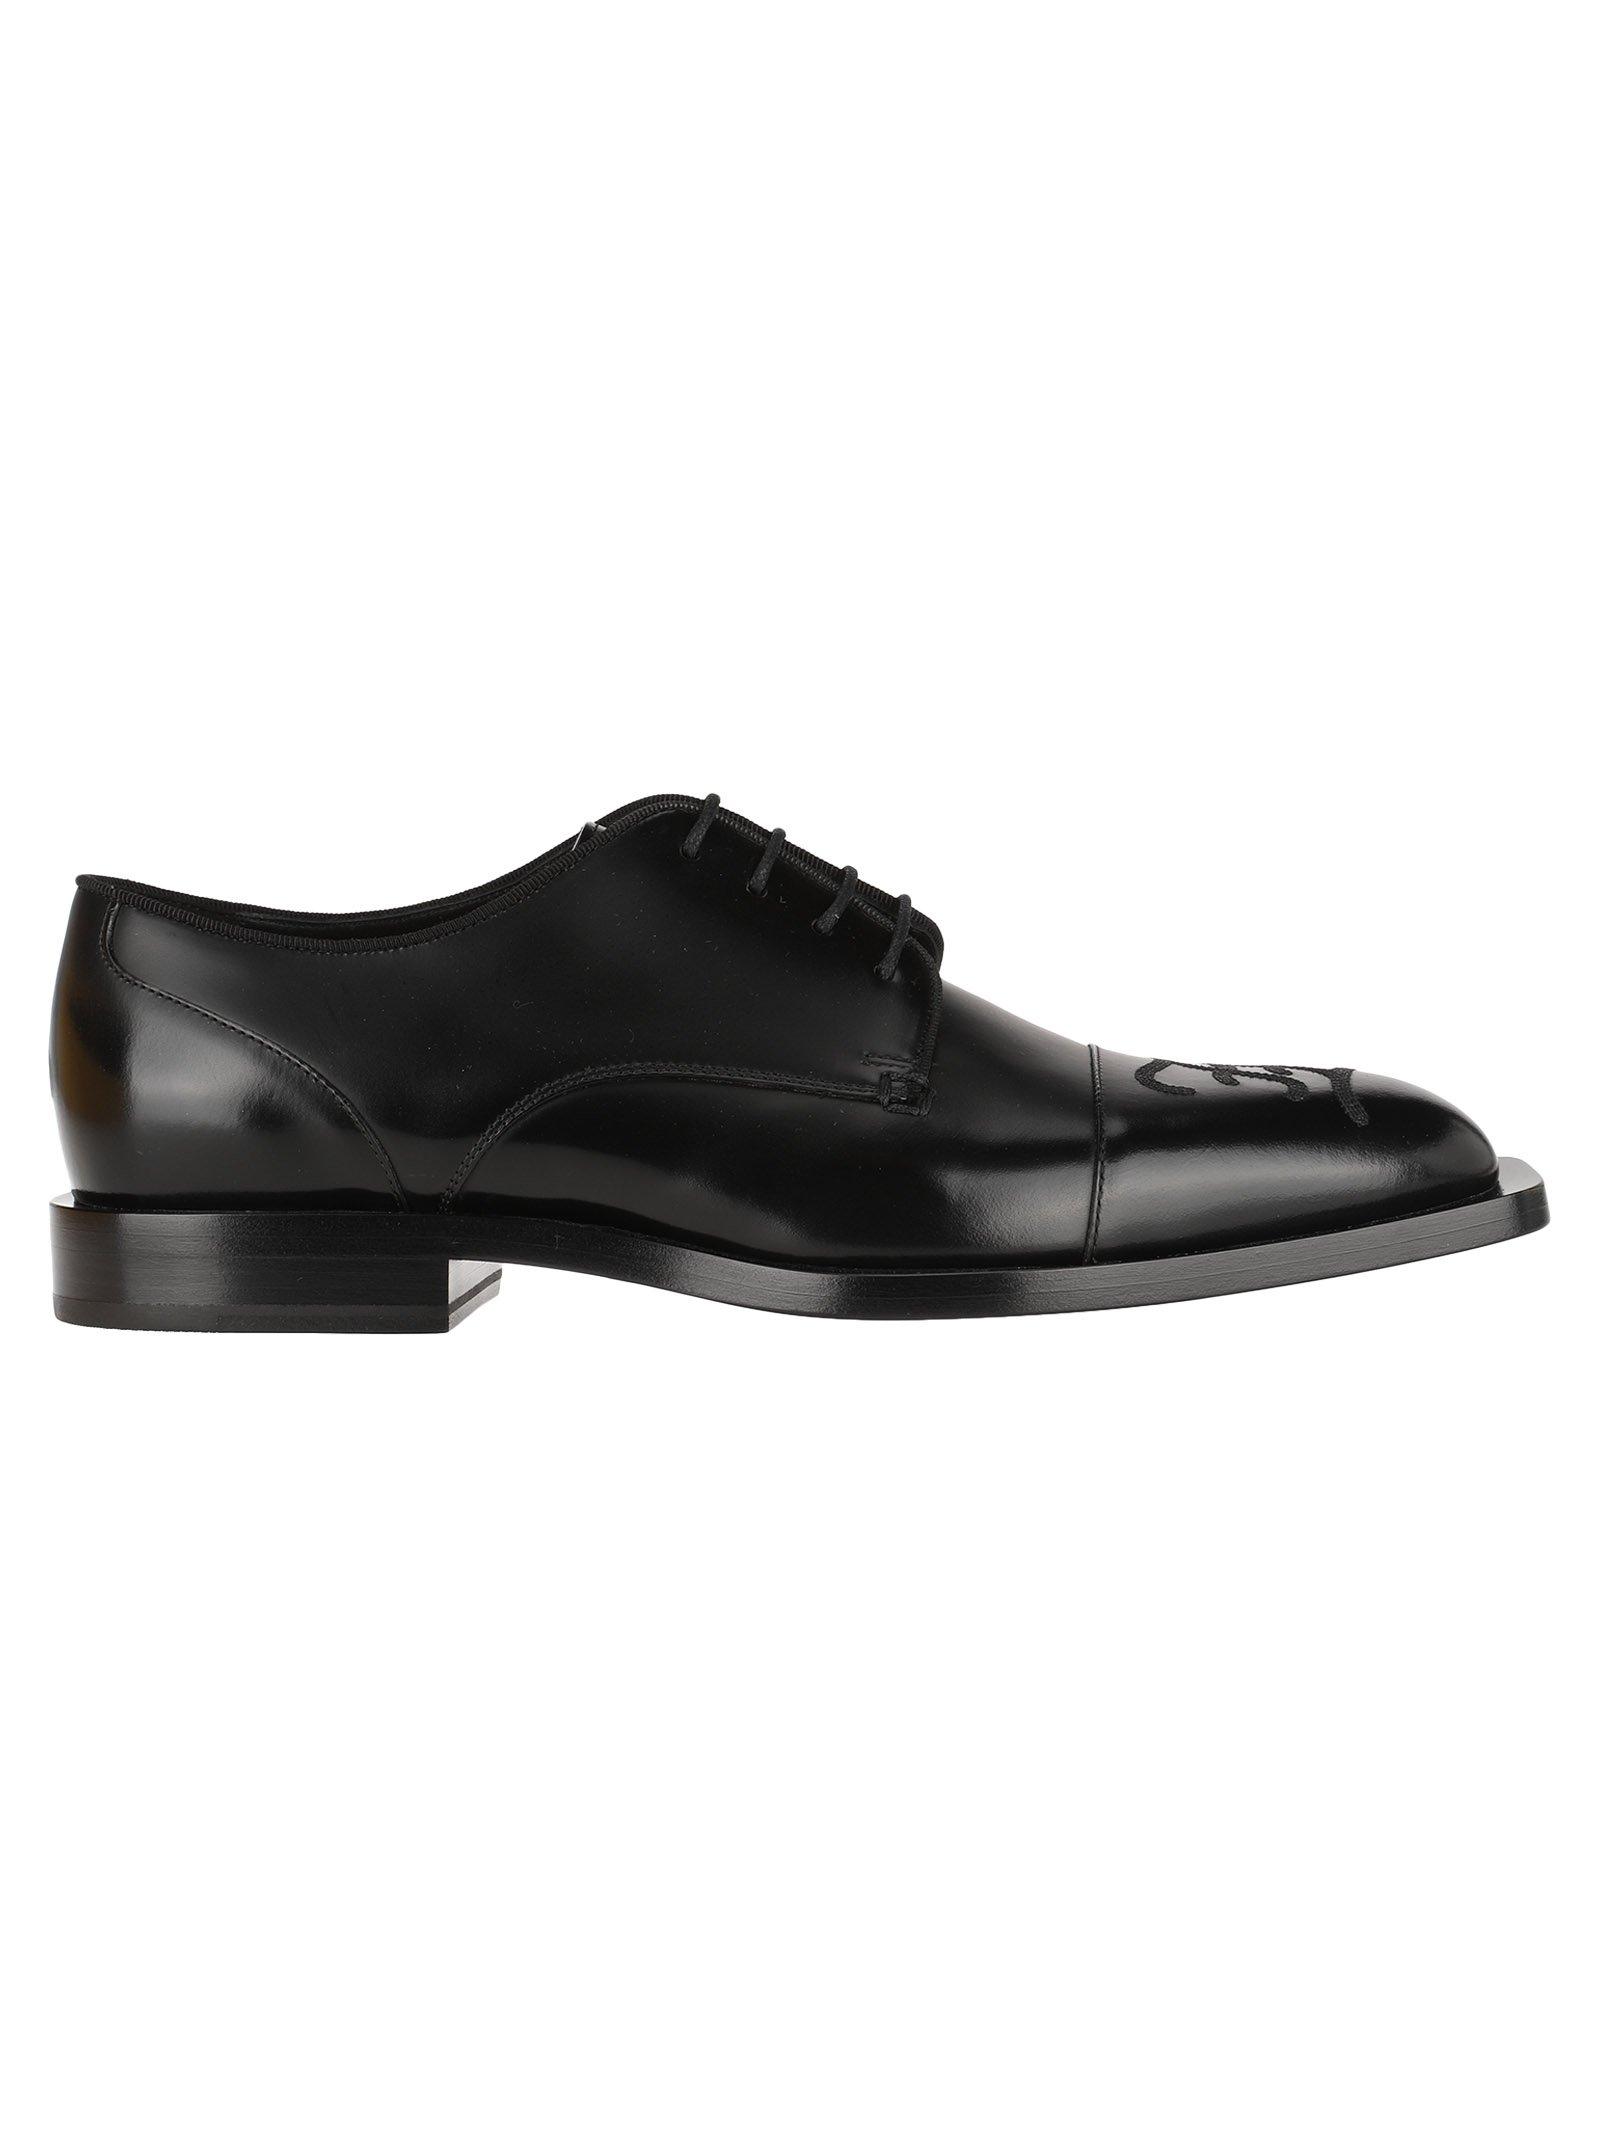 Fendi Leather Logo Lace-up Shoes in Black for Men - Lyst
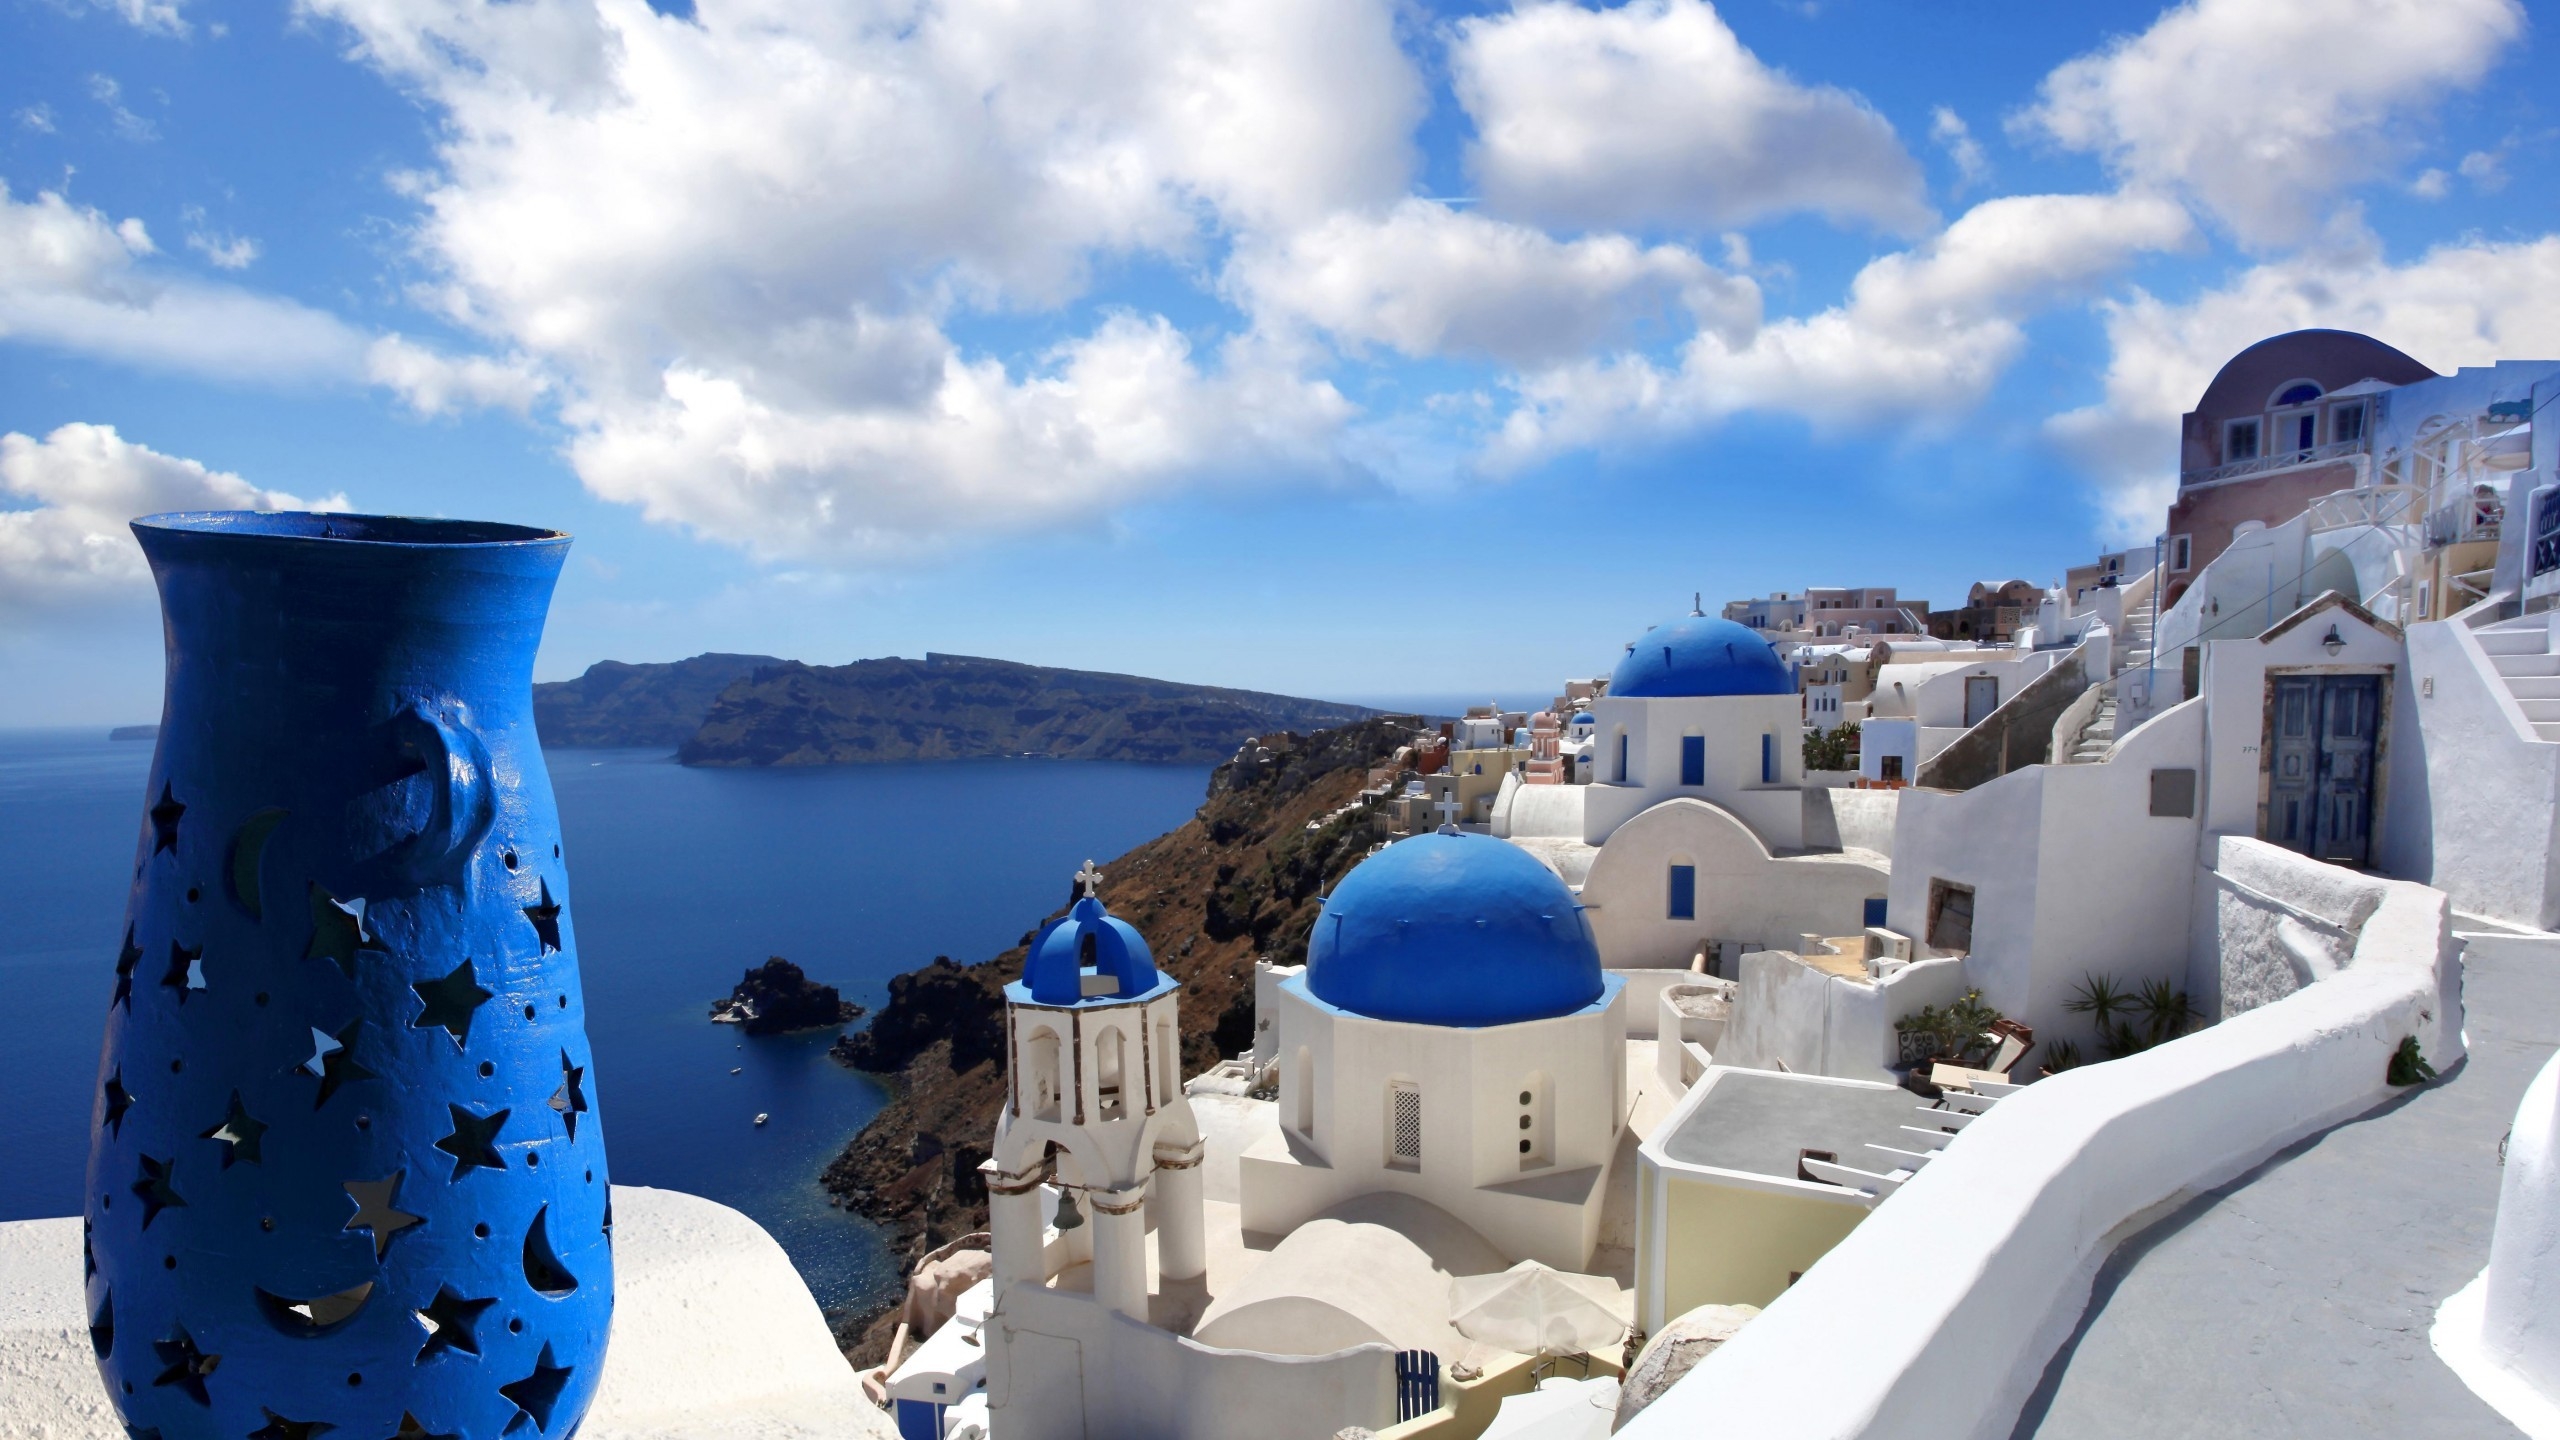 Ideal View from Santorini for 2560x1440 HDTV resolution
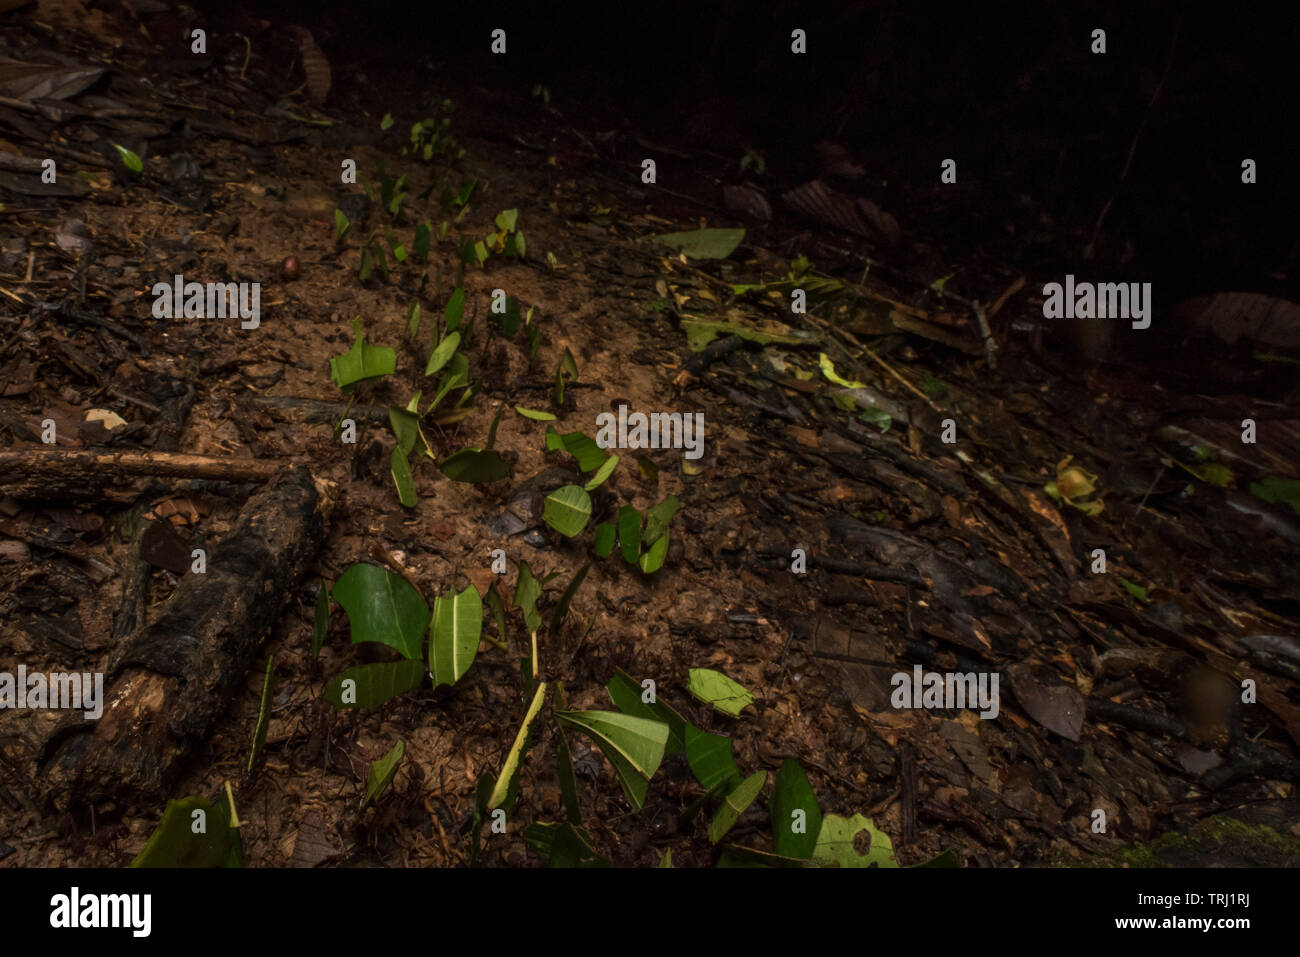 A trail of leaf cutter ants (Atta sp.) carrying the leaves they've cut to the hive along the forest floor in Yasuni national park in the Amazon. Stock Photo
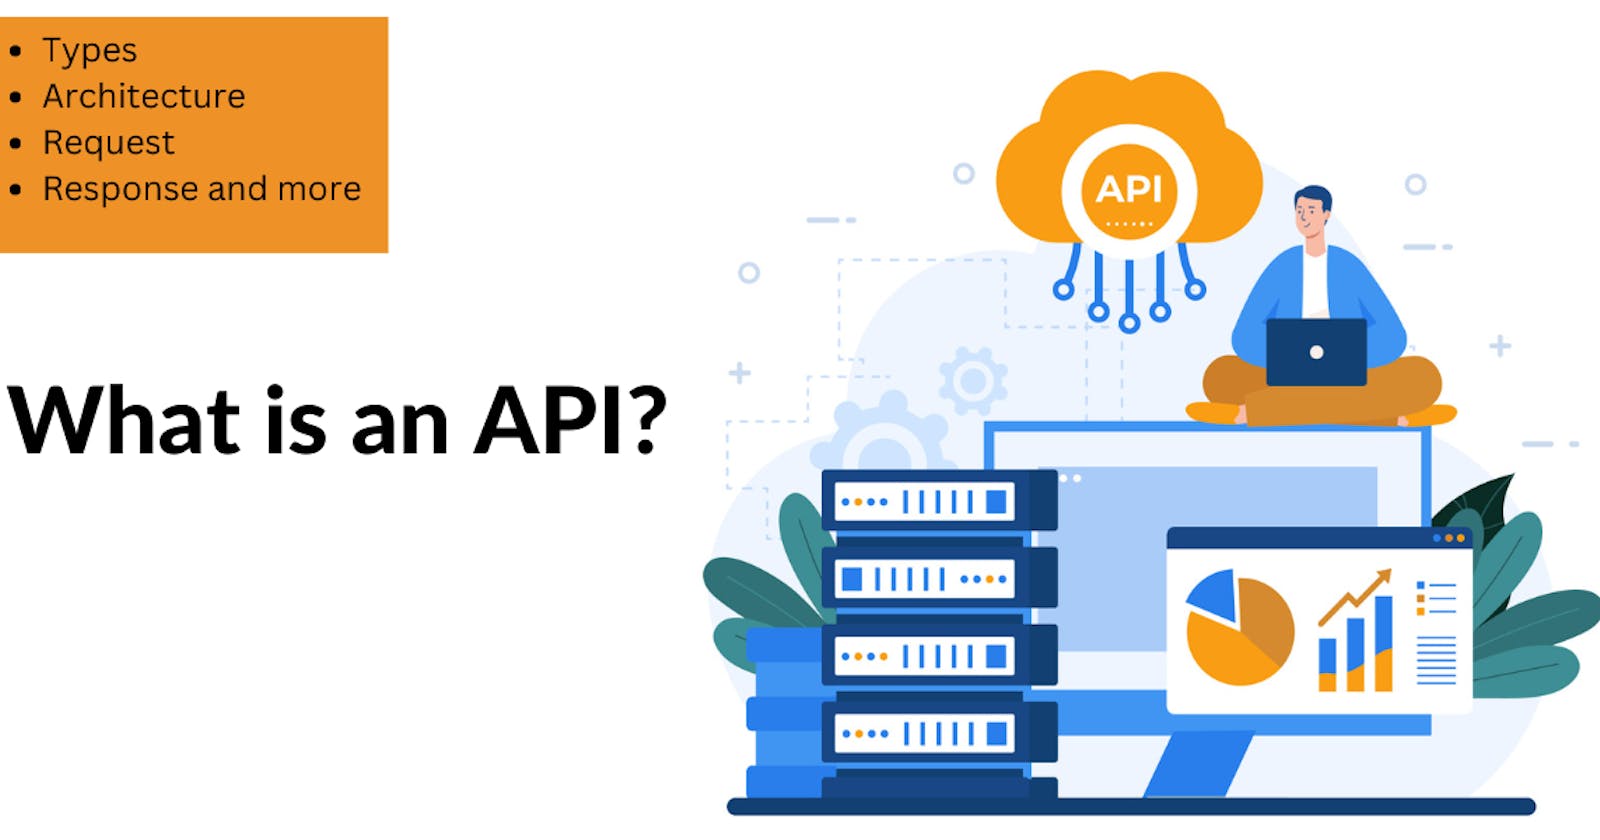 Teaching you all about APIs in 12 mins

::::

Exact repeats of the lines from the first one in the data through the line containing "Ideal View from" make up the answer. Pictures do not.

◆ RESPONSE BELOW:
 Fendi Leather Logo Lace-up Shoes in Black for Men - Lyst
 Ideal View from Santorini for 2560x1440 HDTV resolution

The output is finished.